— Тебе-то что? — всё с таким же кислым выражением лица огрызнулся Линдеманн. Тема была ему неприятна по многим причинам, и если этот “психолог” был хоть на четверть столь проницателен, сколь возомнил о себе сам, то должен был понять и сам.
— Чудо, я помочь тебе хочу, — натянуто улыбнулся ему Круспе. Нет, здесь он нисколько не лукавил: в приоритете у него действительно оставалась безопасность подопечного, а любопытство разве что подталкивало на весьма рискованный шаг, но разговор обещал быть непростым, если ему вообще и было суждено состояться.
— Не нужна мне помощь, — озлобился Линдеманн, но, зная о добрых и бескорыстных намерениях Рихарда, немного смягчился: — Всё в порядке.
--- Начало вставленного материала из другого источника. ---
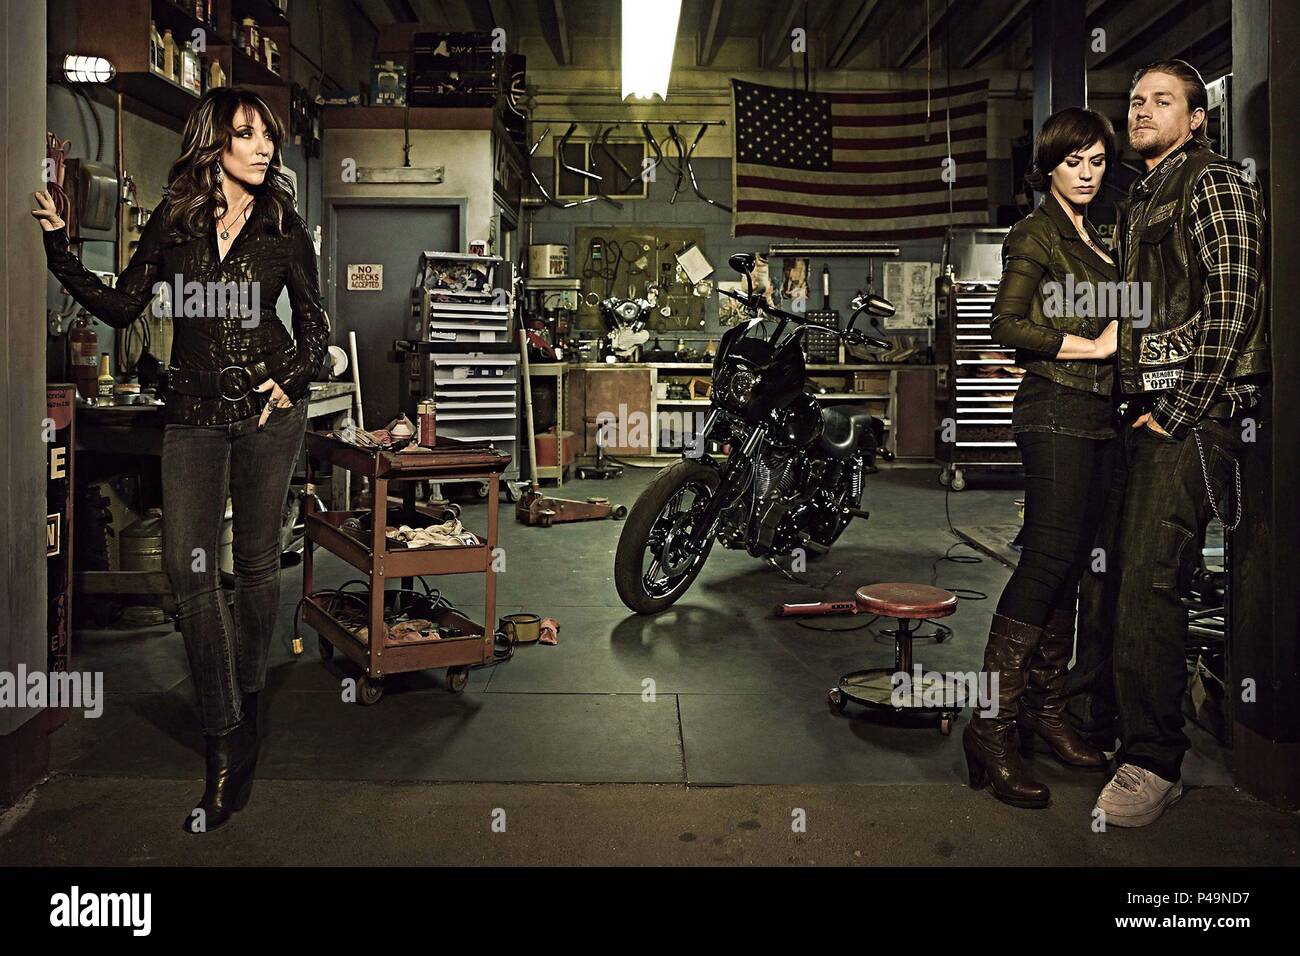 Original Film Title: SONS OF ANARCHY.  English Title: SONS OF ANARCHY.  Film Director: GUY FERLAND.  Year: 2008.  Stars: KATEY SAGAL; CHARLIE HUNNAM; MAGGIE SIFF. Credit: LINSON ENTERTAINMENT / Album Stock Photo

Психолог, впрочем, не обратил никакого внимания на сказанное им: осторожно подняв руку ассистента, чтобы держать на весу, он закатил рукав ещё выше. Сначала Круспе внимательно и молча прослеживал полосы до самого локтевого сгиба, а голос подал отнюдь не сразу:
— Откуда старые? — и указал на побелевшие, едва выпуклые и почти незаметные полосы ровных шрамов, которым, судя по их виду, был не год, не два и даже не десять. Тилль к тому времени полусидел на кровати лицом к Рихарду, и ему оставалось разве что ворчать от недовольства и картинно закатывать глаза.
— Это не я.
— Верю, — кивнул психолог, — а кто?
— Разметку видишь?
— Разметку? — не понял Круспе, на что ассистент снисходительно вздохнул и свободной рукой указал на едва заметные следы от синеватых чернил под кожей. Были эти следы маленькими чёрточками, что шли вверх от самого запястья и походили на своеобразную линейку.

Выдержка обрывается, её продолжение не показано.